(Beginning of DATASET EXCERPT)
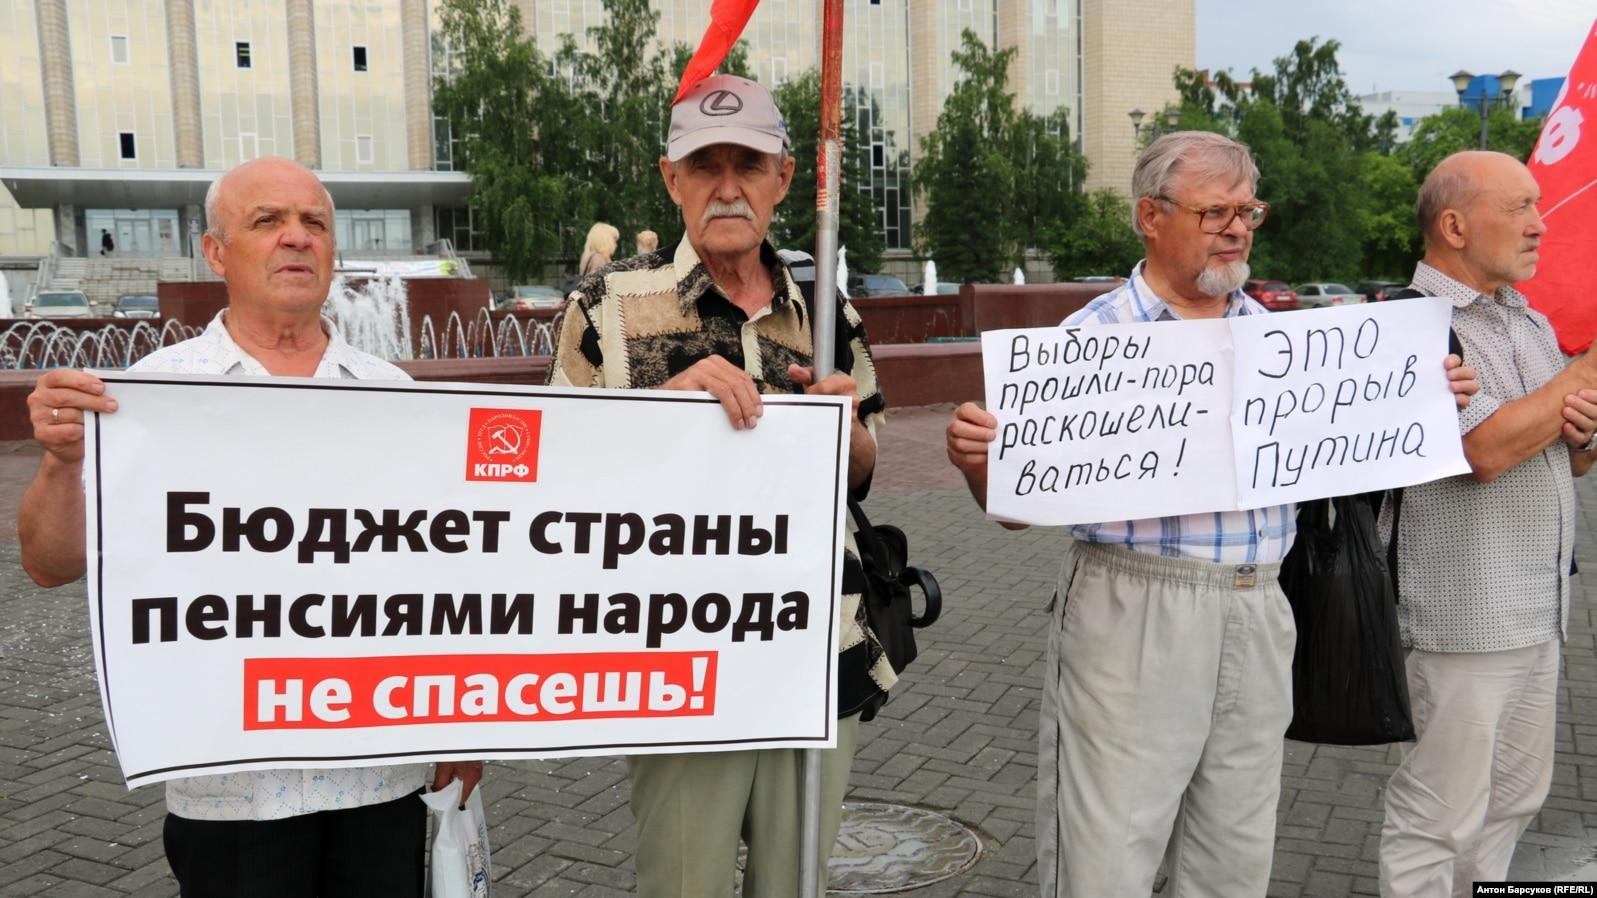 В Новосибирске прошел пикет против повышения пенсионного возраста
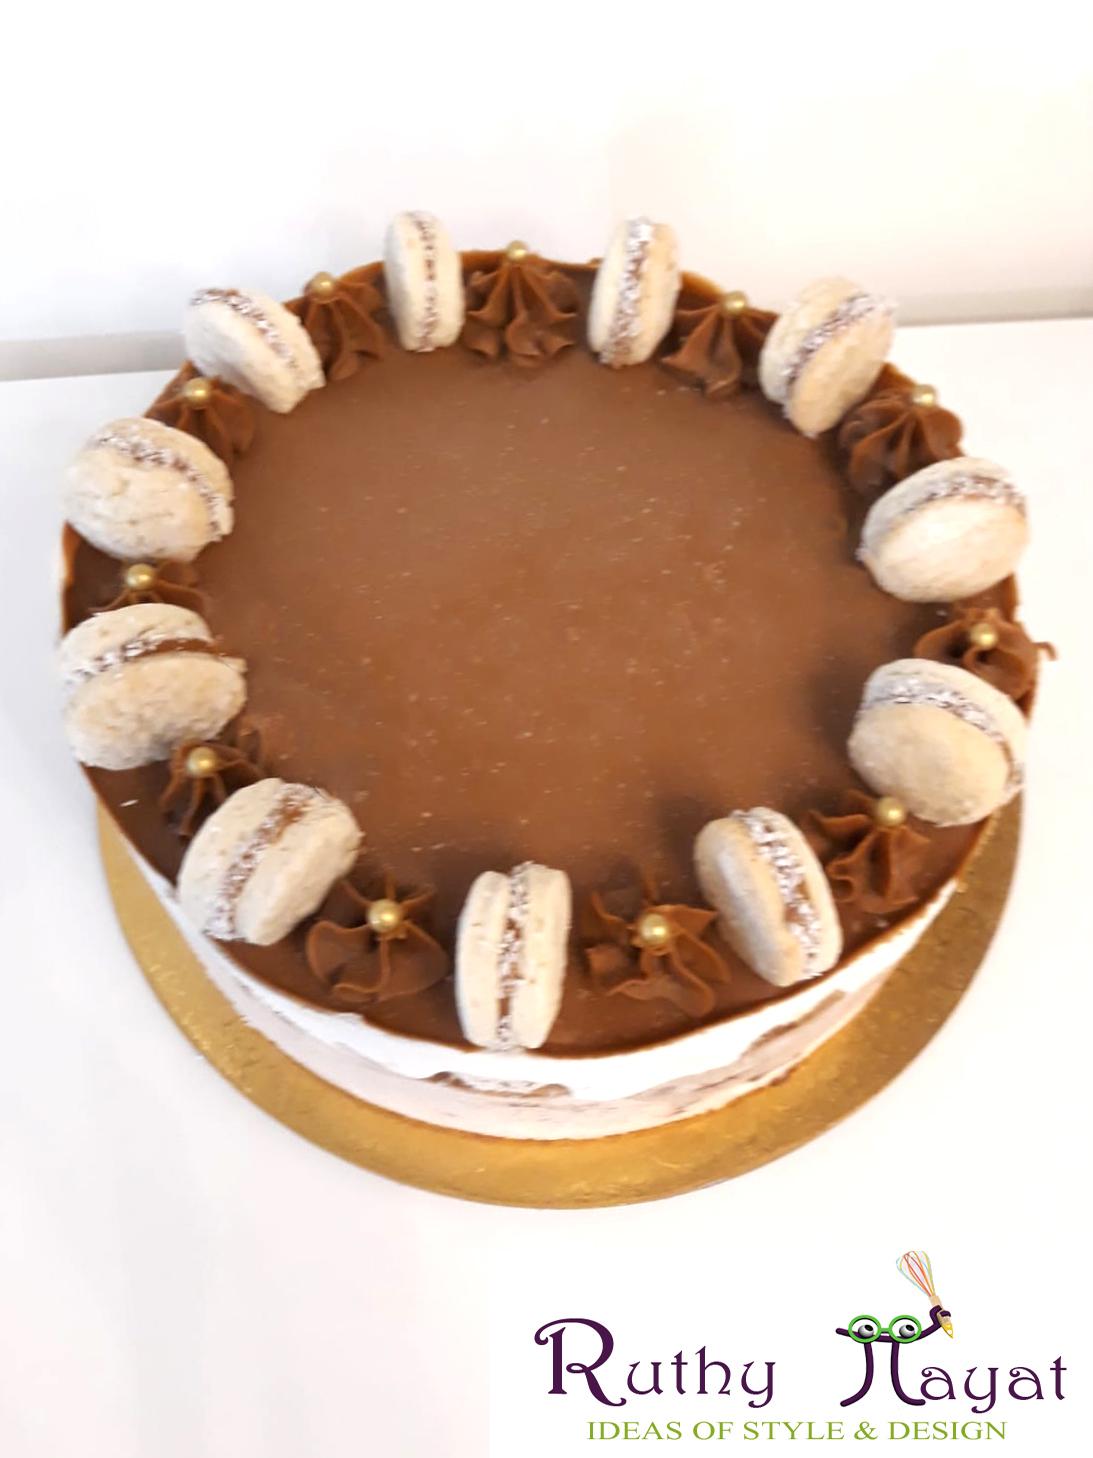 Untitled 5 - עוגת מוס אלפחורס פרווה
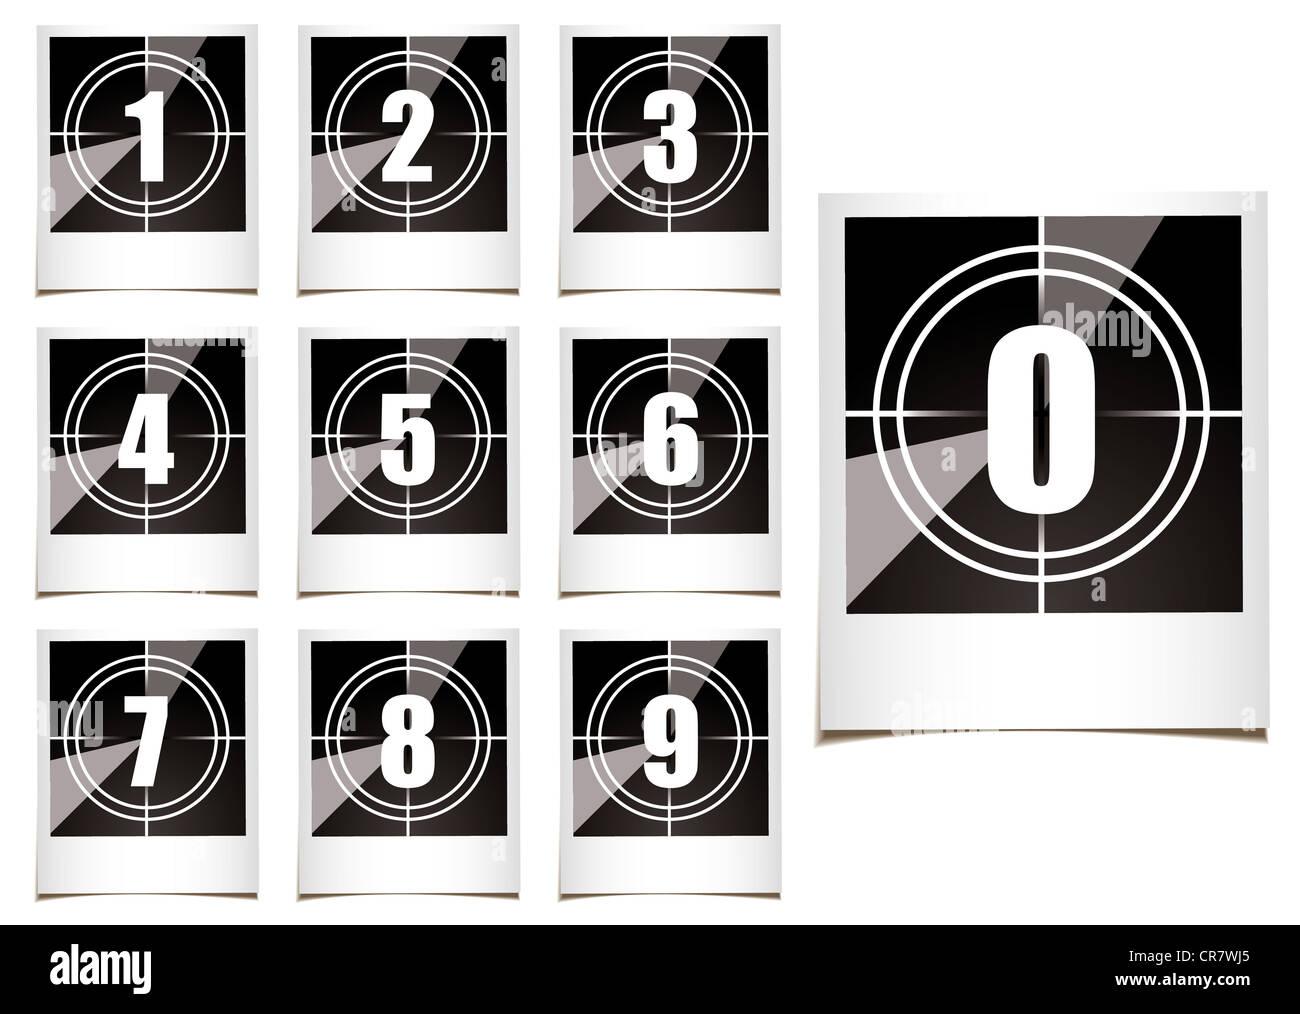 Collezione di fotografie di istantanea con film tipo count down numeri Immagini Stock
(End of DATASET EXCERPT)
■ **TASK REQUIREMENTS**:
Write out the listing above exactly as it stands, pictures excluded.

■ **ANSWER SPACE**:
 В Новосибирске прошел пикет против повышения пенсионного возраста
 Untitled 5 - עוגת מוס אלפחורס פרווה
 Collezione di fotografie di istantanea con film tipo count down numeri Immagini Stock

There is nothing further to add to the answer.